PA.single.prop.multi.juri.4.16.13.v
36
Some potential hazards that may be found in the state include:
- Radon (www.epa.gov/radon)
- Floods (www.epa.gov/ebtpages/emernaturaldisasterfloods.html)
- Methamphetamine Labs
- Wood-Burning Devices (www.epa.gov/iaq/pubs/combust.html)
- Underground Storage Tanks (www.epa.gov)
- Well & Septic Systems (www.epa.gov/ebtpages/watergroundwaterwells.html)
- Contaminated Soils (www.epa.gov/ebtpages/pollsoilcontaminants.html)
- Groundwater (www.epa.gov/safewater/protect/citguide.html)
For more information on environmental hazards, visit www.epa.gov.
PA.single.prop.multi.juri.4.16.13.v
37
EXHIBIT B
ADDITIONAL ESCROW INSTRUCTIONS
PA.single.prop.multi.juri.4.16.13.v
38
SCHEDULE I
ARBITRATION PROCEDURES
If any allegation of a breach of this Agreement has not been resolved to the satisfaction of
both Seller and Buyer through the mediation process mandated by Article II, Section 17 of the
Agreement, either party may commence arbitration to resolve the dispute. To commence arbitration,
the moving party shall deliver written notice to the other party that it has elected to pursue arbitration
in accordance with this Schedule I; provided that, neither Seller nor Buyer shall commence arbitration
with respect to an alleged breach of this Agreement before ninety (90) days following notification by
a party of the alleged breach. Within ten (10) business days after a party has provided notice that it
has elected to pursue arbitration, each party may submit the names of one or more proposed
arbitrators to the other party in writing.
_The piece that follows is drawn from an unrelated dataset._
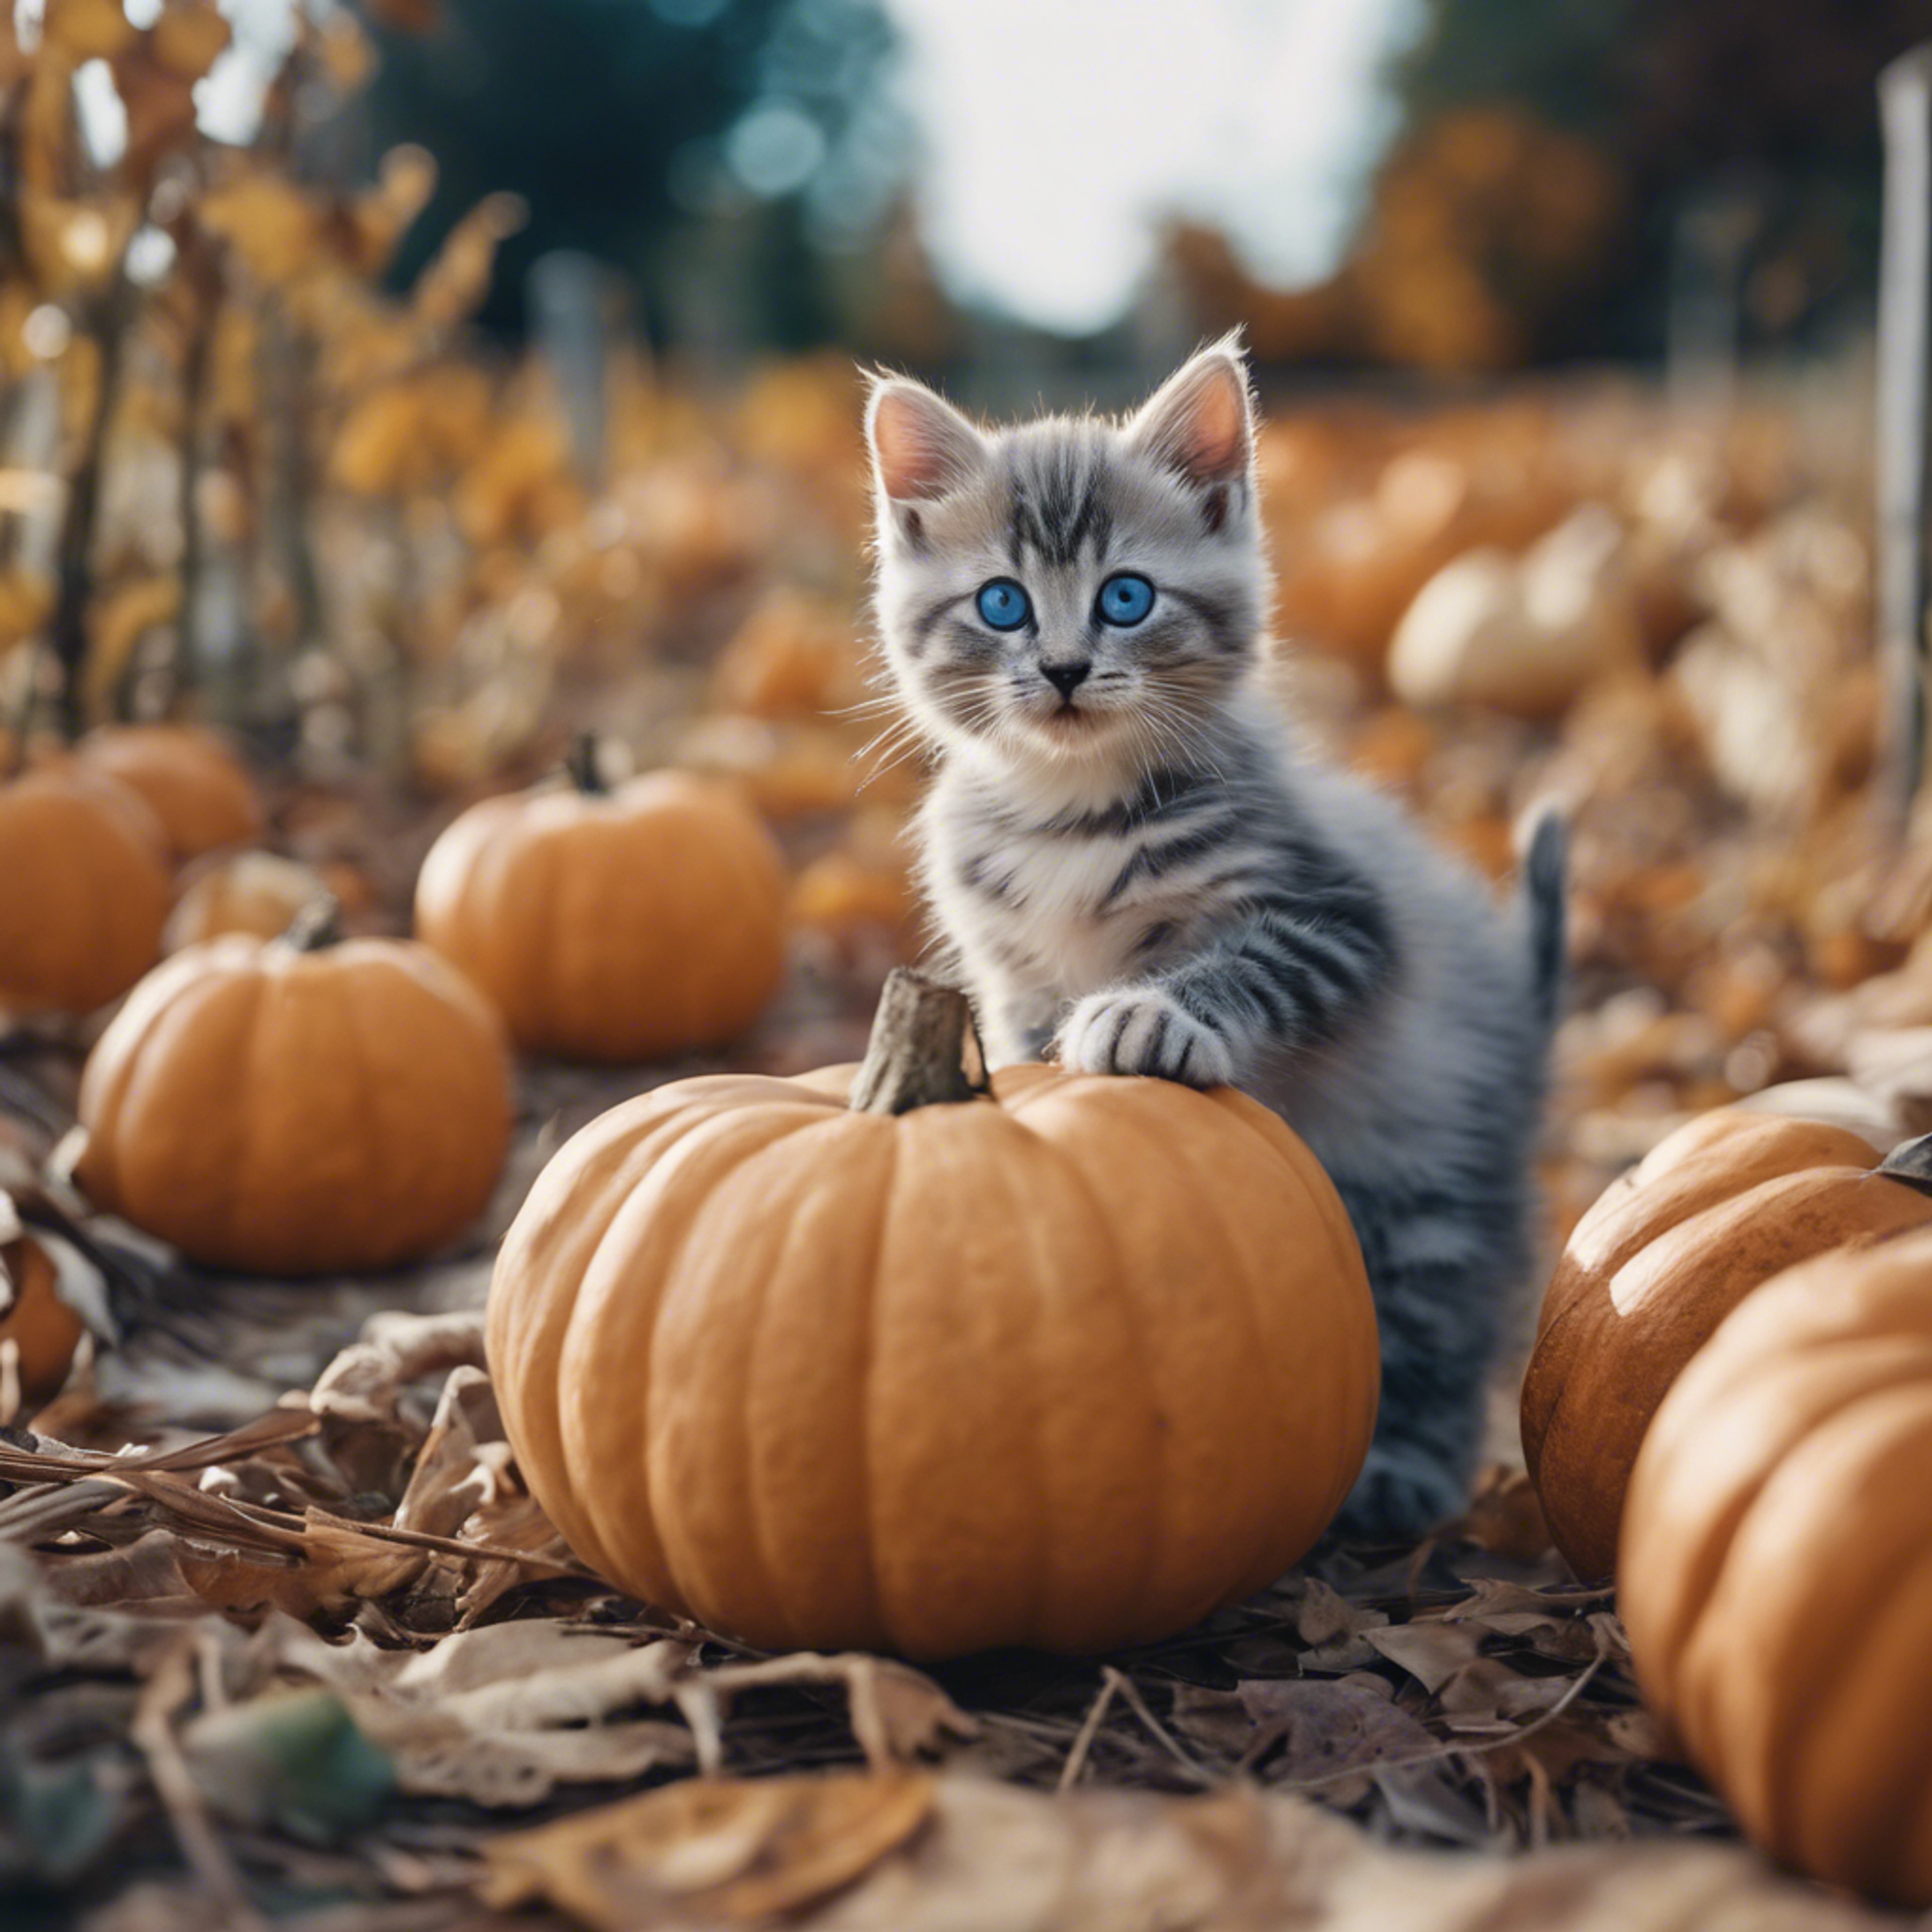 A small blue-eyed Cheetoh kitten exploring a pumpkin patch on an invitingly cool fall day. Валлпапер[ee8fc80847a940e288a7]

If the parties have not agreed on the selection of an arbitrator
within five (5) business days after the first such submission, then the party commencing arbitration
shall, within the next five (5) business days, notify the American Arbitration Association in Los
Angeles, California and request that it appoint a single arbitrator with experience in arbitrating
disputes arising in the real estate industry and who has not been previously rejected by either party.
Upon a showing of good cause, a party may request the arbitrator to direct the production of
such information, evidence and/or documentation from the parties that the arbitrator deems
appropriate. If requested by the arbitrator or any party, any hearing with respect to an arbitration shall
be conducted by video conference or teleconference except upon the agreement of both parties or the
request of the arbitrator.
The finding of the arbitrator shall be final and binding upon the parties. Judgment upon any
arbitration award rendered may be entered and enforced in any court of competent jurisdiction. The
costs of the arbitrator shall be shared equally between both parties. Each party, however, shall bear
its own attorneys’ fees and costs in connection with the arbitration.